For the Fun of It

by Francisco Stork on September 1, 2021

I had just given a talk to an MFA class when a young woman stood up and asked: How can I make writing fun again? There was a desperate tone in her voice, and I could tell she was struggling with the possibility that maybe the writing life was not for her. Not because she didn’t want it, but because it didn’t seem to want her, the lack of fun being the clearest sign of this rejection.

My first impulse was to answer with a question of my own: “Who said writing is supposed to be fun?” I had just finished a novel about a young girl recovering from depression that had taken me four years and three complete re-writes to finish and I was tempted to describe in lurid detail the mental, physical and emotional hardships endured. Restraint and compassion prevailed, however, and I focused on the last word of her question: How can I make writing fun again? Writing had once been fun for this young woman, so I asked her to go back in time and remember the early excitement of creating.

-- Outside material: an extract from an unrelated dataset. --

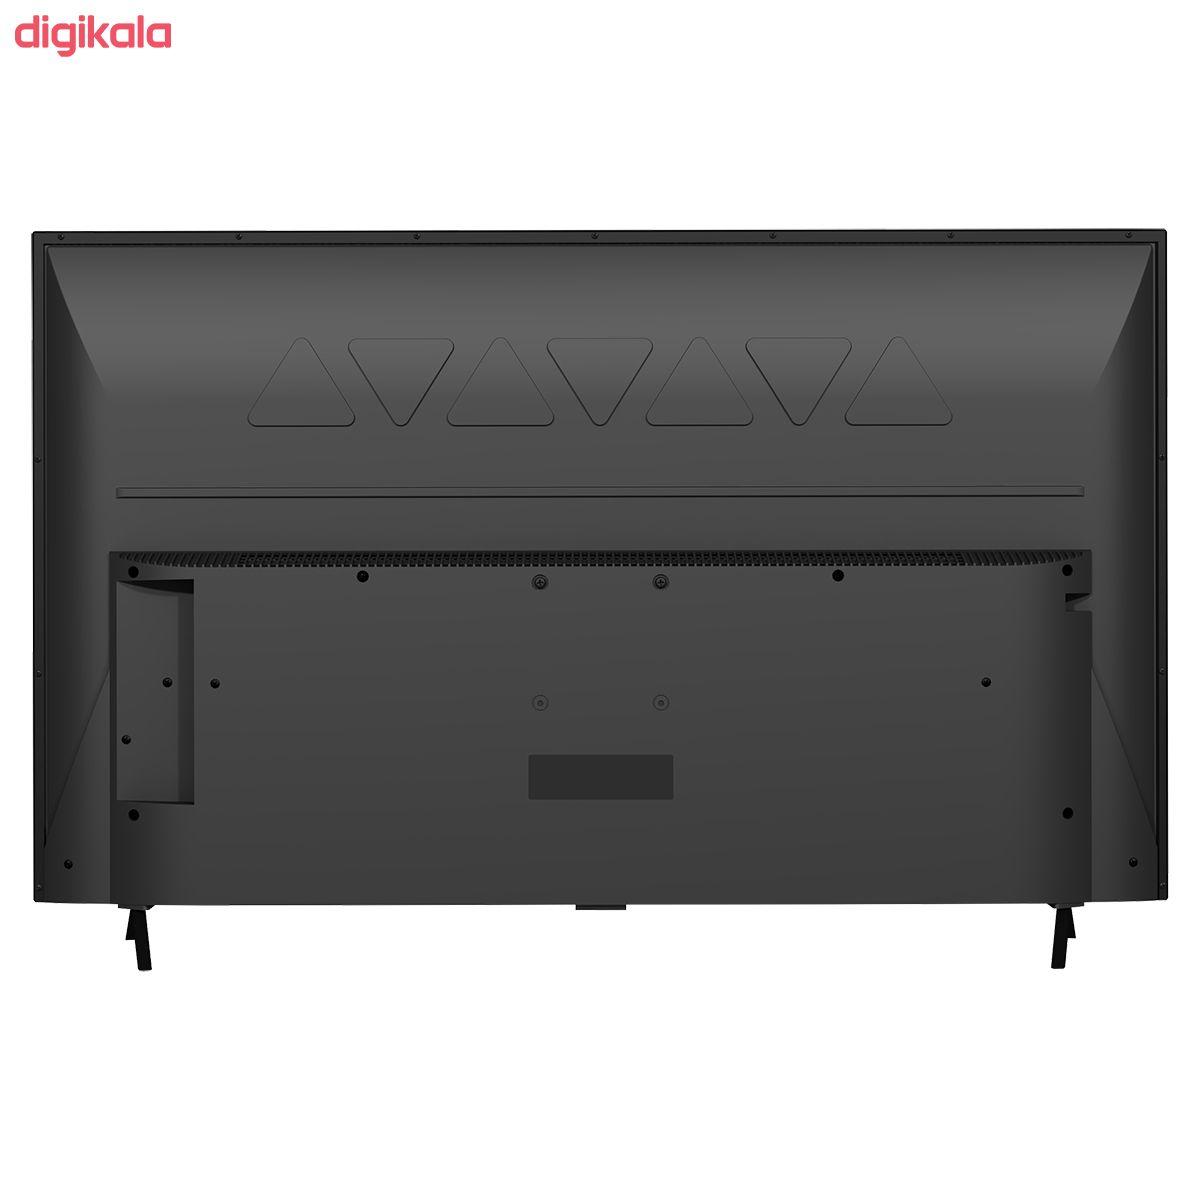 تلویزیون ال ای دی هوشمند تی سی ال مدل 43S6510 سایز 43 اینچ main 1 4

We start off our writing life with a mysterious, delightful, irrepressible urge that is very similar in its freedom and spontaneity to the play of a child. This “beginner’s mind” knows no rules, moves wherever the winds of expression take it and contains a self-forgetfulness that is the very essence of fun. What happens to this childish sense of fun as we progress in our writing journey? Why does it diminish and sometimes disappear? Gradually, the unrestricted and inviting space of play begins to be crowded with all kinds of expectations: I would like my writing to be rewarded, to be admired by many, to sparkle with award-winning expertise. I cease to be a child following the whims of my imagination and become an anxious worker burdened with the heavy load of ambition and the fear of not measuring up.

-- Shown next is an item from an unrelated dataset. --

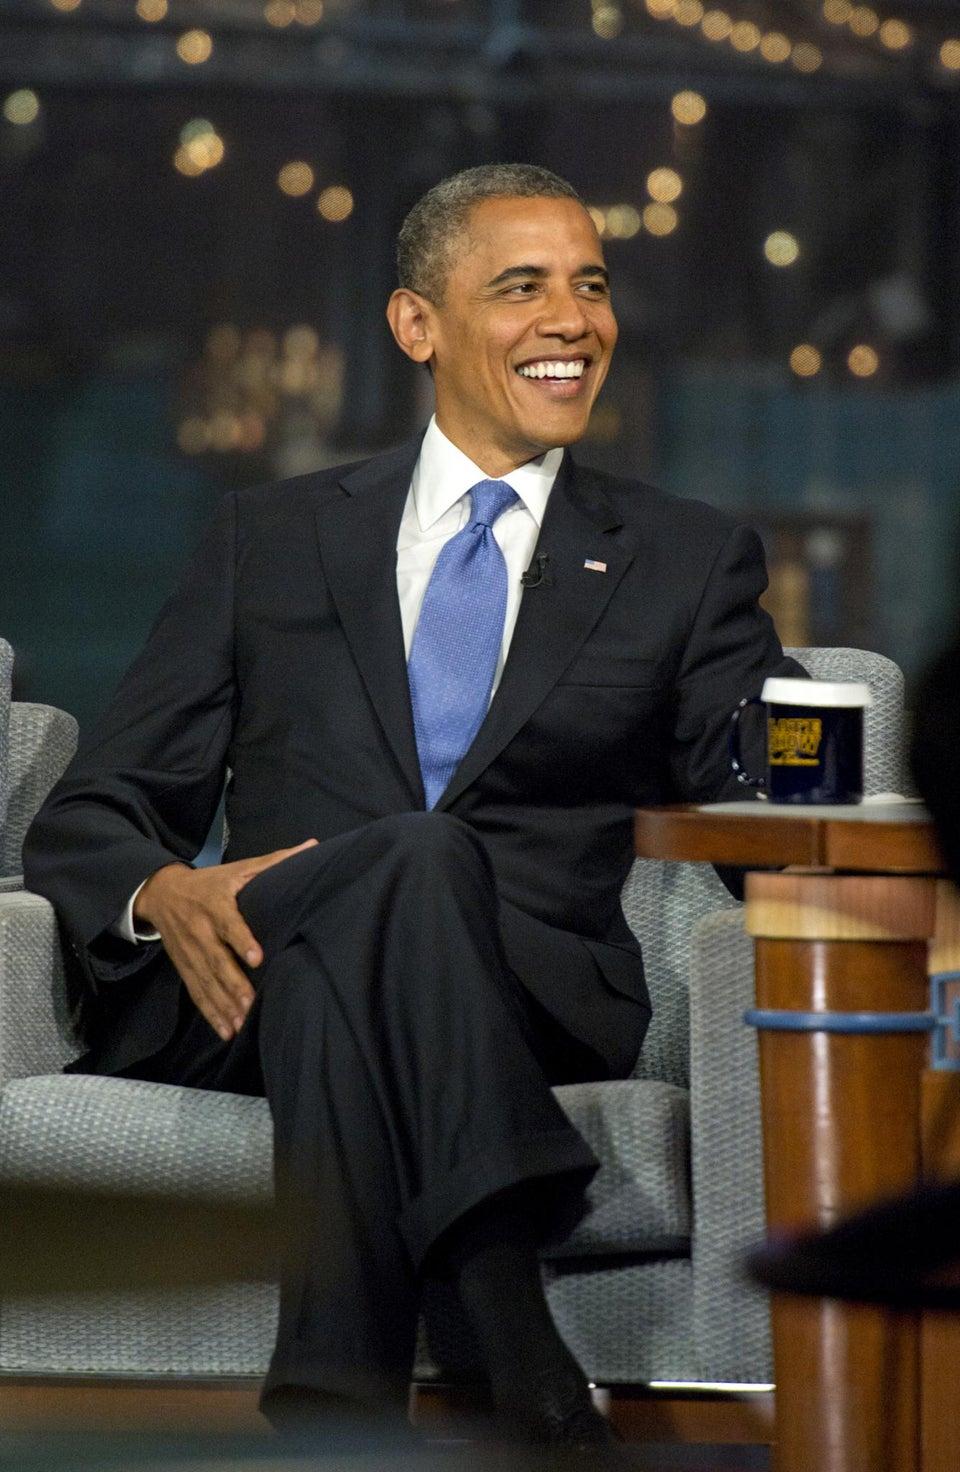 President Obama Pokes Fun at Donald Trump

The young MFA student’s question was present in my mind as I wrote On the Hook, my young adult novel published this past May. On the Hook is the story of Hector, a smart young man whose main goal is to graduate, go to college and become an engineer so that he can get his family out of the public housing projects of El Paso. Unfortunately, Hector is noticed by Joey, the brother of the local drug dealer, and after a series of violent events Hector and Joey end up in a reformatory school in San Antonio. There they must each find a way to “unhook” themselves from the violence, hatred and desire for revenge that consumes them and maybe even learn the true meaning of courage.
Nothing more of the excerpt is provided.